BEGIN Dataset
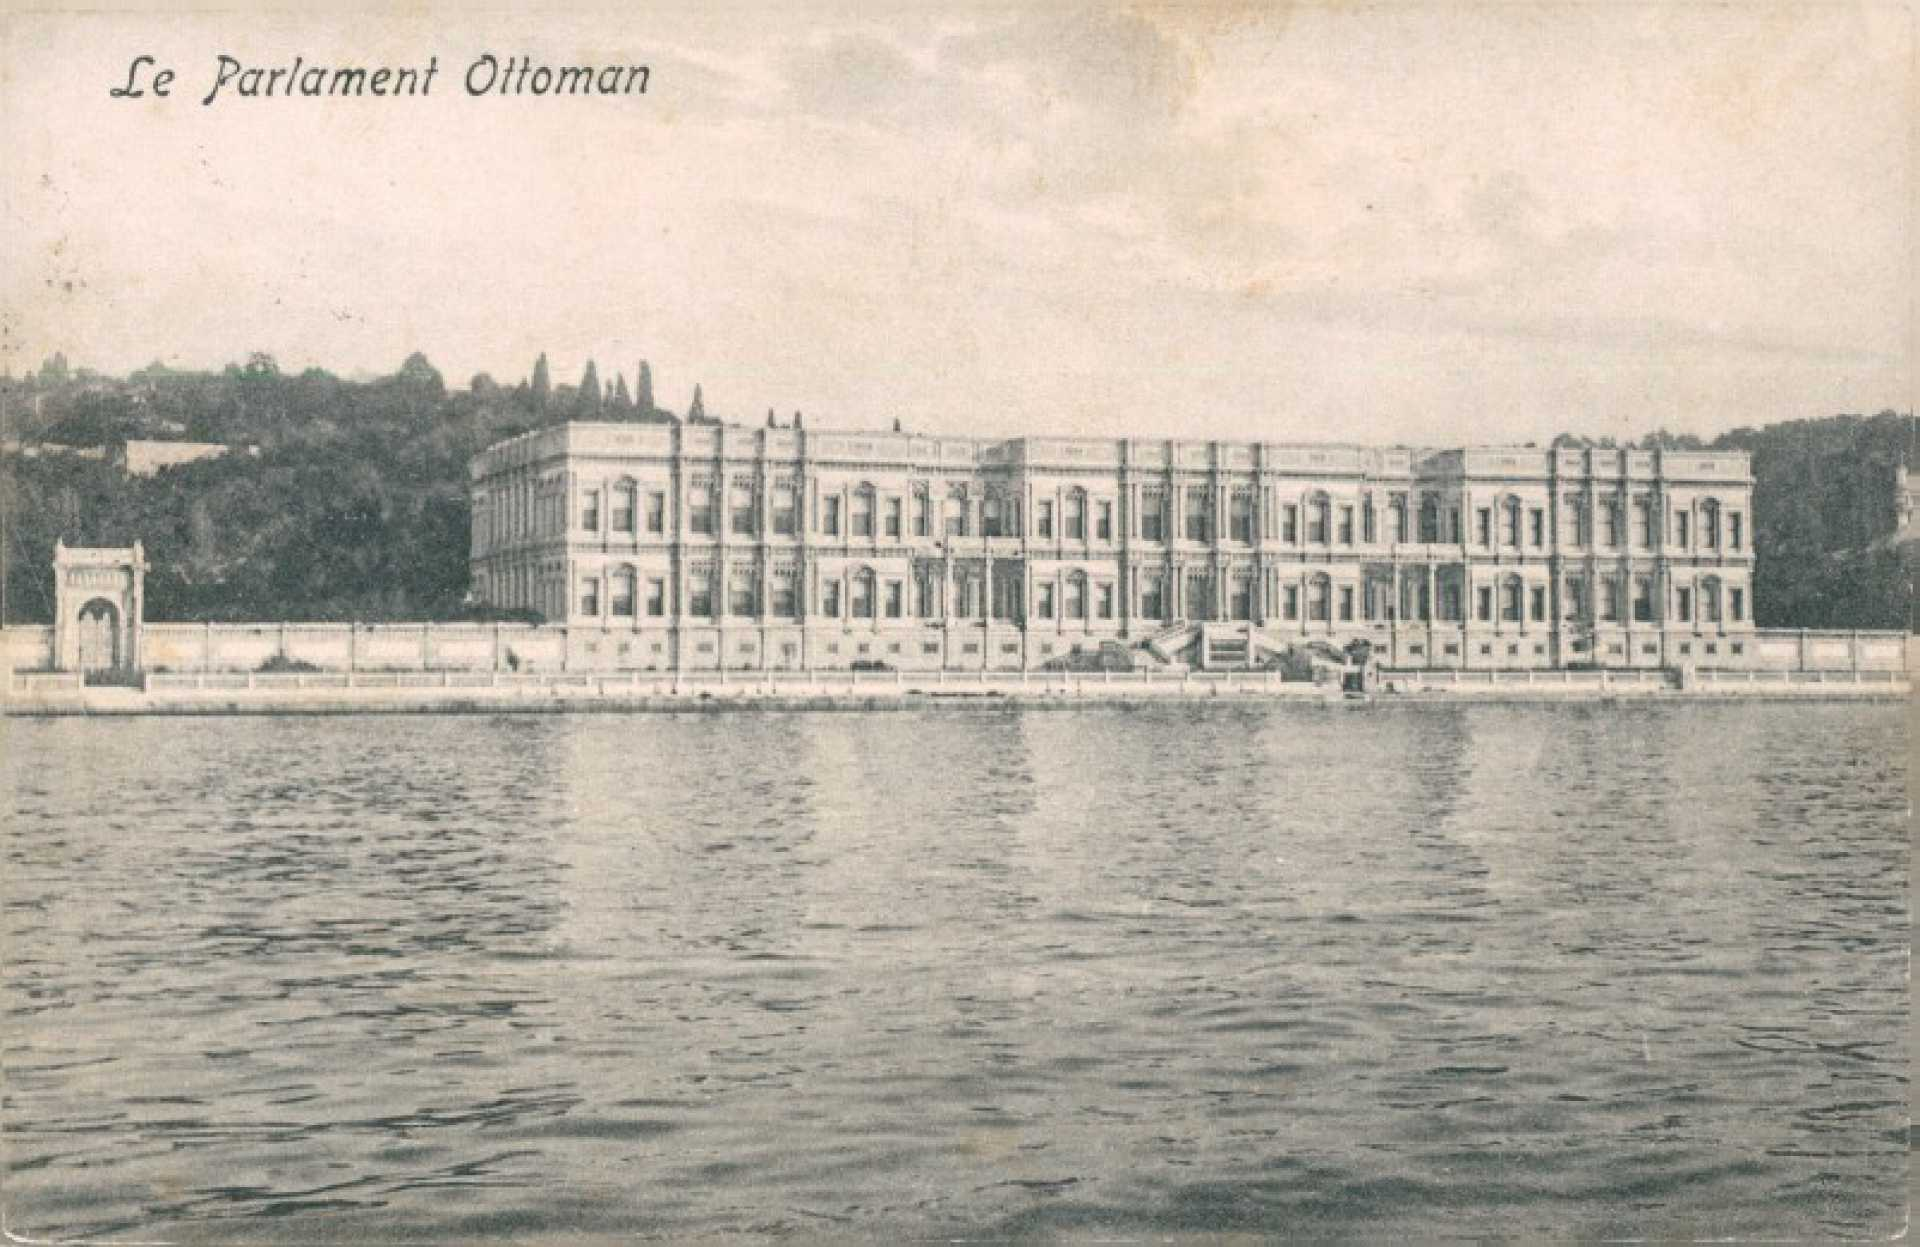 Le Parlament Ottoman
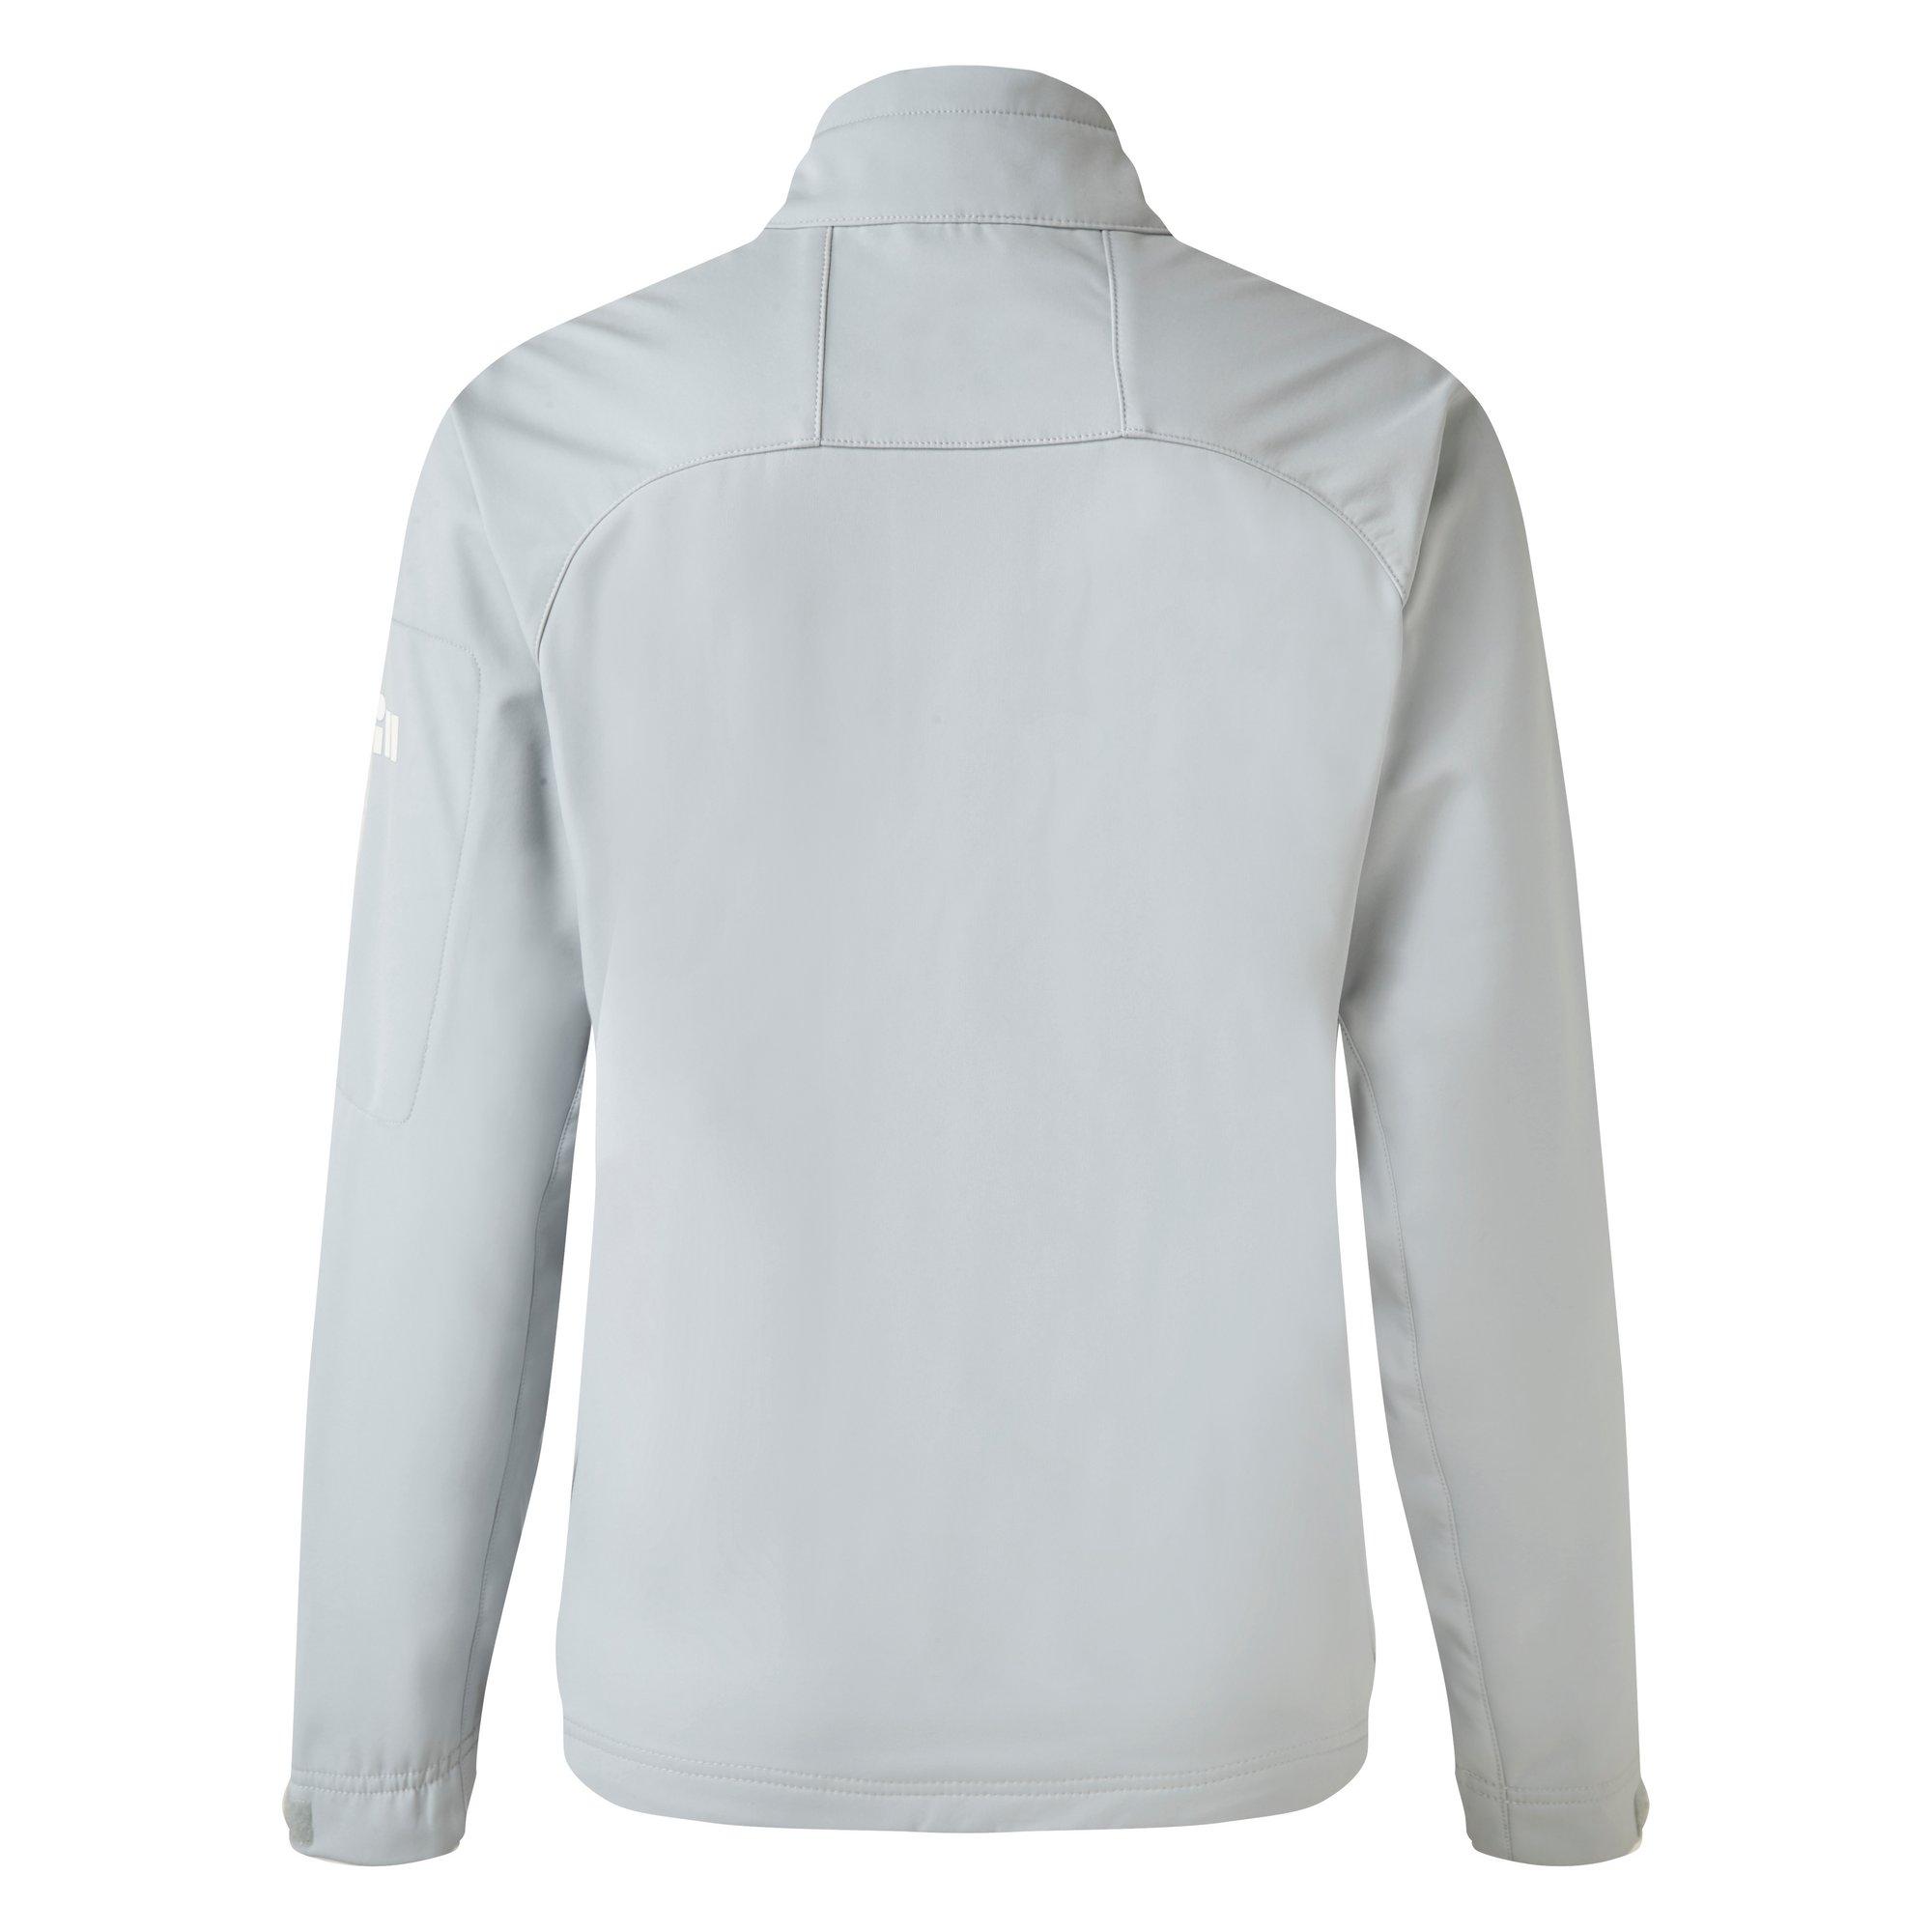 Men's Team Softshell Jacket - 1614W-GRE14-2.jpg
END Dataset
BEGIN Dataset
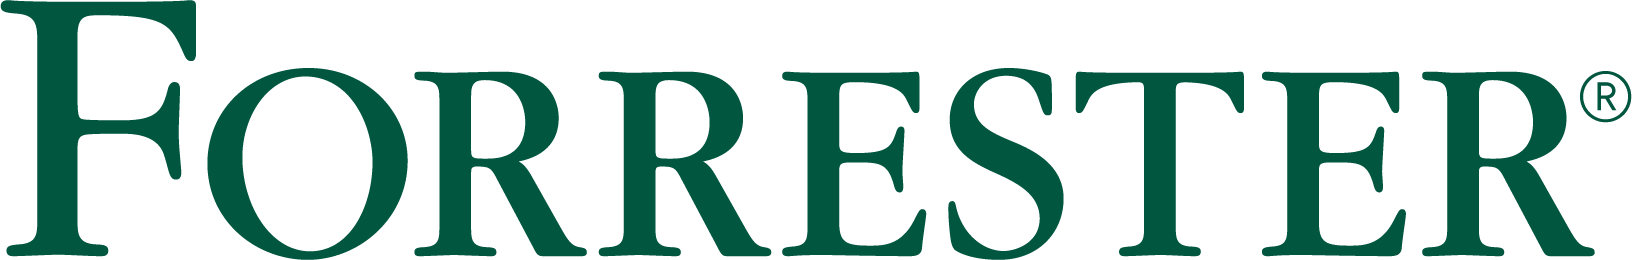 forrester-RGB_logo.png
END Dataset
BEGIN Dataset
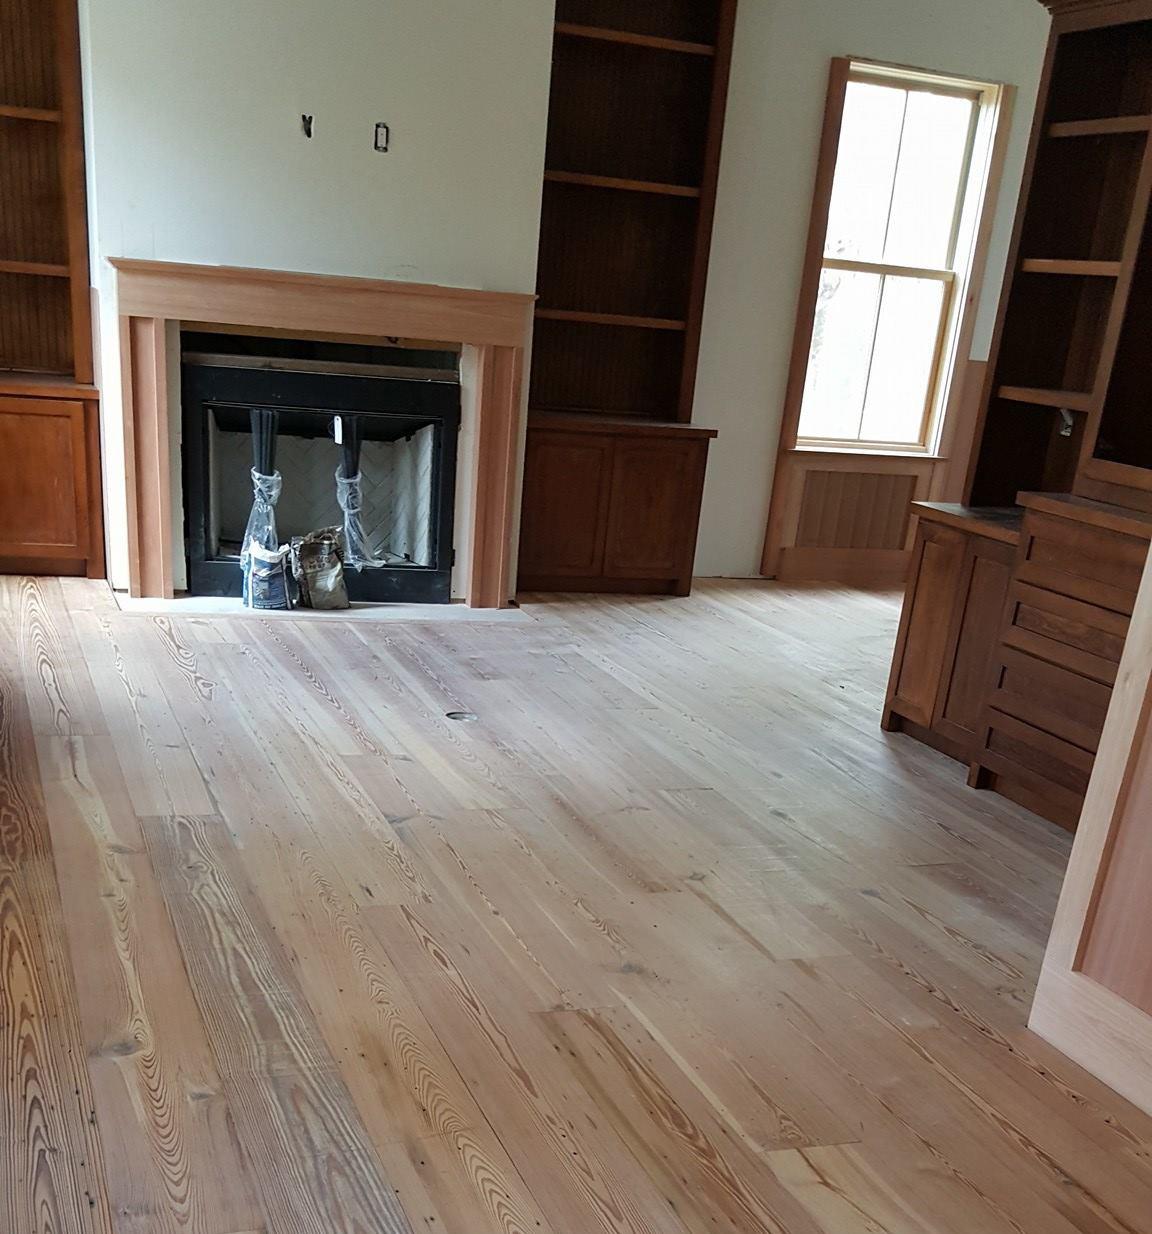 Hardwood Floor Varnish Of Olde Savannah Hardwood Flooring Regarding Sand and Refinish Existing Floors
END Dataset
> [Prompt]
Could you repeat, exactly, only the lines above starting at the one that has "Le Parlament Ottoman" and stopping after the one that has "Men's Team Softshell", without the pictures?

> [Task result]
 Le Parlament Ottoman
 Men's Team Softshell Jacket - 1614W-GRE14-2.jpg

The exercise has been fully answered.